You're welcome. If you have any near you, try one out and let us know what your experience was like with them.



GuitaristZ said:


> those look like some really neat/nice guitars. thanks for the information.


----------



## Emohawk

Kenmac said:


> So I look it over a bit before I start to play and it does look like it's a well made guitar but one thing I saw on a sticker in the soundhole had me a little concerned. I see the phrase "Made in China". So I'm guessing they're assembled there?


Interesting...

I do know that Griffiths branded electrics are made in China (except for the custom units they build in house). The Garrison acoustics were assembled in a local facility here, and as far as I know they still are. I haven't been paying that much attention to be honest.

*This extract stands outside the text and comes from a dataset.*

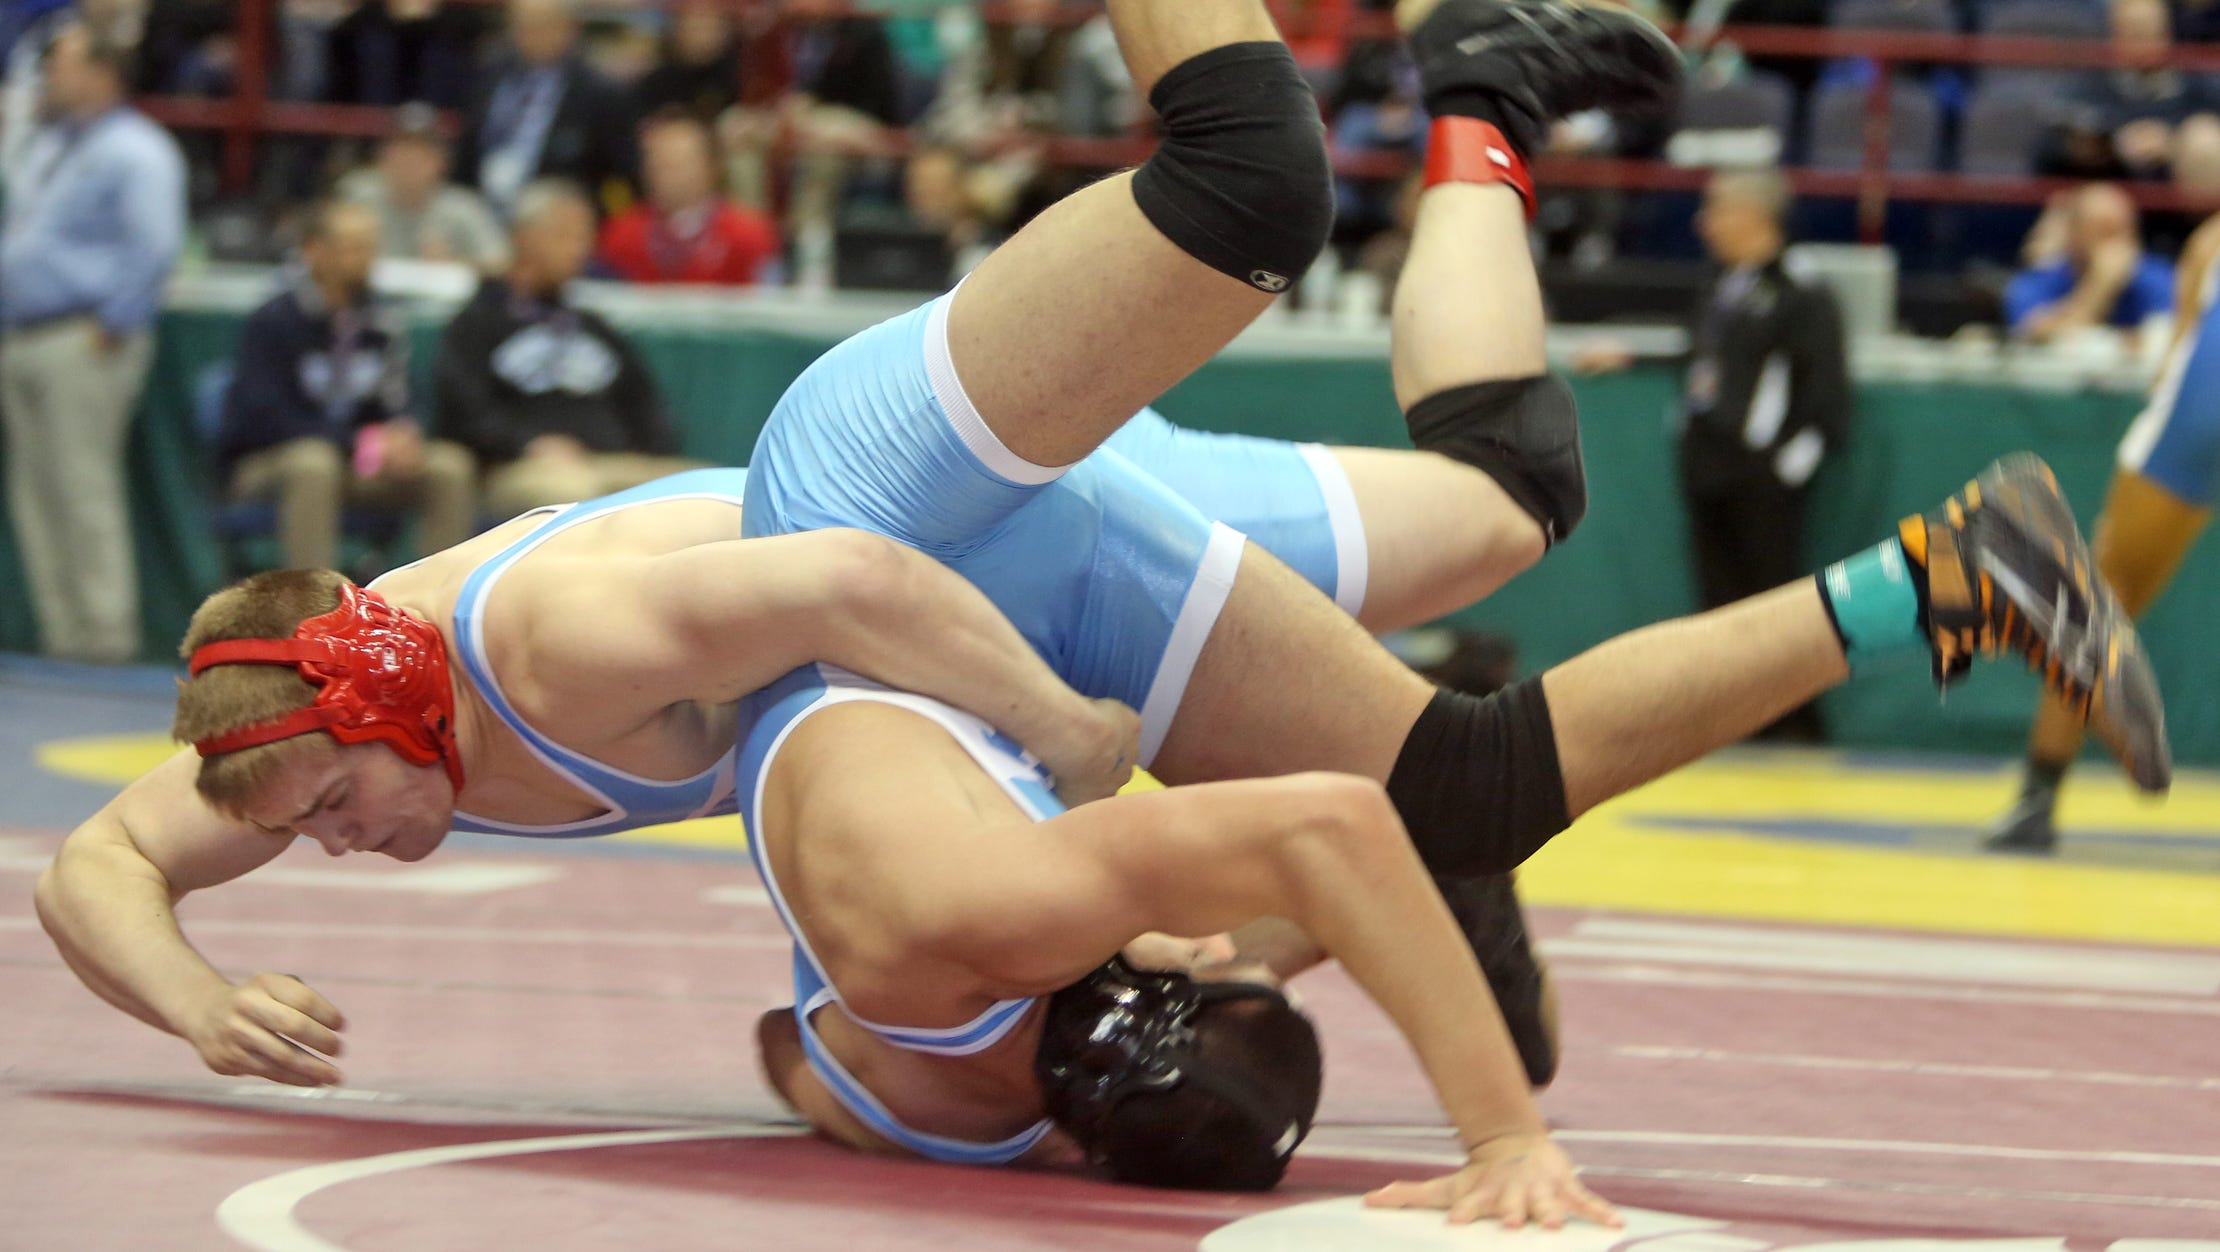 Wrestling Day 1 of NY State Wrestling Championship results
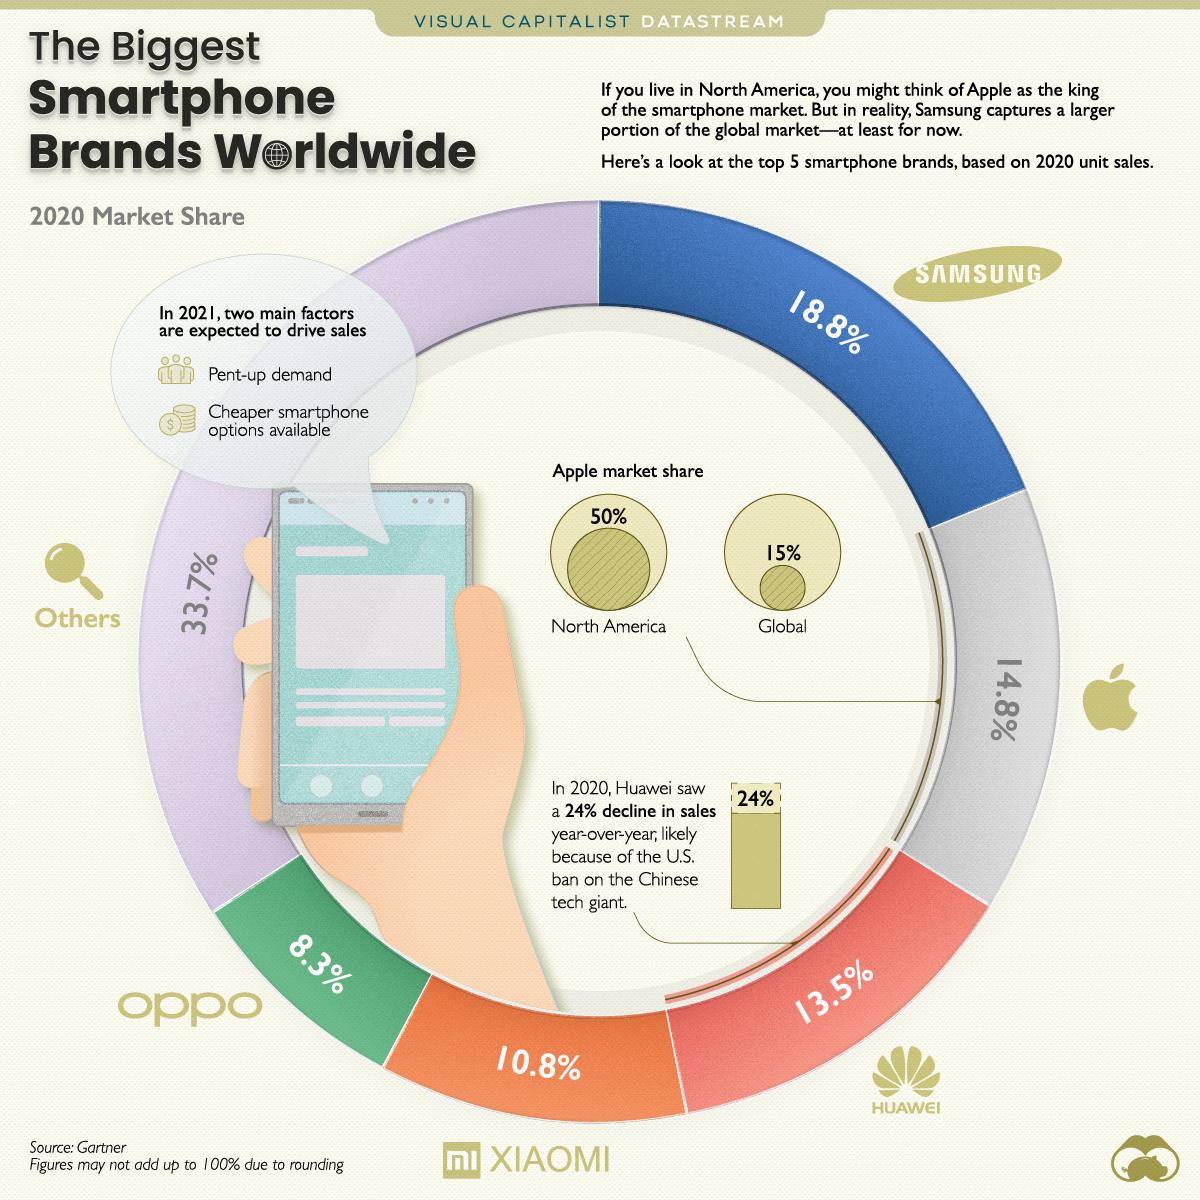 NAVWA: Smartphone brands and their global market share 2020

The Garrisons I've played sounded nice, but I agree the Normans were a little nicer (Griffiths used to carry Norman also, BTW, and Godin/Seagull for a while).


----------



## Kenmac

I'm just wondering if maybe the wood is from China, because as you say, they are made in Newfoundland and it would be interesting to find out where China comes into the equation. 



Emohawk said:


> Interesting...
> 
> I do know that Griffiths branded electrics are made in China (except for the custom units they build in house). The Garrison acoustics were assembled in a local facility here, and as far as I know they still are. I haven't been paying that much attention to be honest.
> 
> The Garrisons I've played sounded nice, but I agree the Normans were a little nicer (Griffiths used to carry Norman also, BTW, and Godin/Seagull for a while).


----------



## radapaw

I tried a few out a couple years back. I liked the cheaper ones better oddly enough. I agree with the hit or miss comment, but it may have been the batch I was gander-ing (harhar, ya like that one :banana: )


----------



## GuitarPix

The other player in a duo I was in had a Garrison - one of the more expensive ones. I wouldn't have really wanted it myself as - like others have noted - wasn't a really live sounding guitar. But, plugged into the PA it sounded okay and with the frame they have, it didn't get affected much by changing temperatures, unlike my Takamine. So for a Canadian gigging musician a Garrison might be a good idea when you don't want to risk a really nice guitar.


----------



## Guitarsam

3 years ago, bought a Garrison G40 i believe, on sale. It's the glosssy one with spruce top and sapele B/S. Dont remember exactly the model. Ended up returning it the next day for a Taylor 214. The garrison sounded dead, didn't have enough dynamic range, and just sounded very stiff in general. I tried medium strings, new light strings, but didnt' help. Just couldn't warm up to it, and after taking it back, thought the Seagulls more cheaper were nicer. Anyway, after comparing between seagulls, garrisons, ended up with a taylor 214.
garrisons were nicely built with nice materials however, but just not for me.


----------



## Kenmac

That's exactly what I found. The sound has kind of a "compressed" feel to it. It doesn't seem to matter how softly or loudly you play. I think it has to do with that plastic bracing they put in it. They would however, probably be good guitars for recording. I agree with you regarding the materials and I really wanted to like this guitar but after trying two of them in the store I found them lacking in dynamic response. I really didn't need another acoustic anyway, I wanted to check them out to see to what they sounded like.



Guitarsam said:


> 3 years ago, bought a Garrison G40 i believe, on sale. It's the glosssy one with spruce top and sapele B/S. Dont remember exactly the model. Ended up returning it the next day for a Taylor 214. The garrison sounded dead, didn't have enough dynamic range, and just sounded very stiff in general. I tried medium strings, new light strings, but didnt' help. Just couldn't warm up to it, and after taking it back, thought the Seagulls more cheaper were nicer. Anyway, after comparing between seagulls, garrisons, ended up with a taylor 214.
> garrisons were nicely built with nice materials however, but just not for me.


----------



## shingler

Hi folks.. my first post..
I own a Garrison AG-200 which I bought in Oshawa for under $400. I really like it, mind you it does take some gettin' used to. 
My understanding is that higher end Garrisons ($650 and up) are indeed made and produced in St. John's, whereas the lower ends, like mine under $650 or so, are _assembled_ in China.
The higher end models employ the the injection-moulding framing throughout, the lower use the injected piece only as a main brace.
I've managed to comandeer the sound and tone to my liking by not worrying about highs - I don't use a pick and often direct in. I have noticed, however, that when I play standing up I have to play it off my hip moreso than any other acoustic I've owned, because of its resonance - it's pretty fat and it starts to beat on my tummy.
On a side note I have a Canadian Mechanical Engineer mag (or some such thing c.2003 maybe) that marvels at and promotes the newfangled injection-moulding approach to guitar bracing.
I like the Garrison and still plan on purchasing a "made-in-Canada" model.
I didn't know that they were back at it - I thought they went out of biz about a year ago. Good to see.
Oh yeah, nice place - I like it here. Any steel players?


----------



## guitarman2

I seriously considered Garrison guitars when I was shopping for a high end acoustic. I was not sold on the Active bracing. I was not convinced that solid wood expanding contracting was a good marriage with material that does not expand. I also found the tone a little flat. I ended up buying an HD28 instead. I tried the G50, which was their flagship dreadnought at the time.


----------



## Luke98

Friend of mine has a garrison, think he paid about $500. He loves it, but I'm not so fond... The compressed sound is a good description.


----------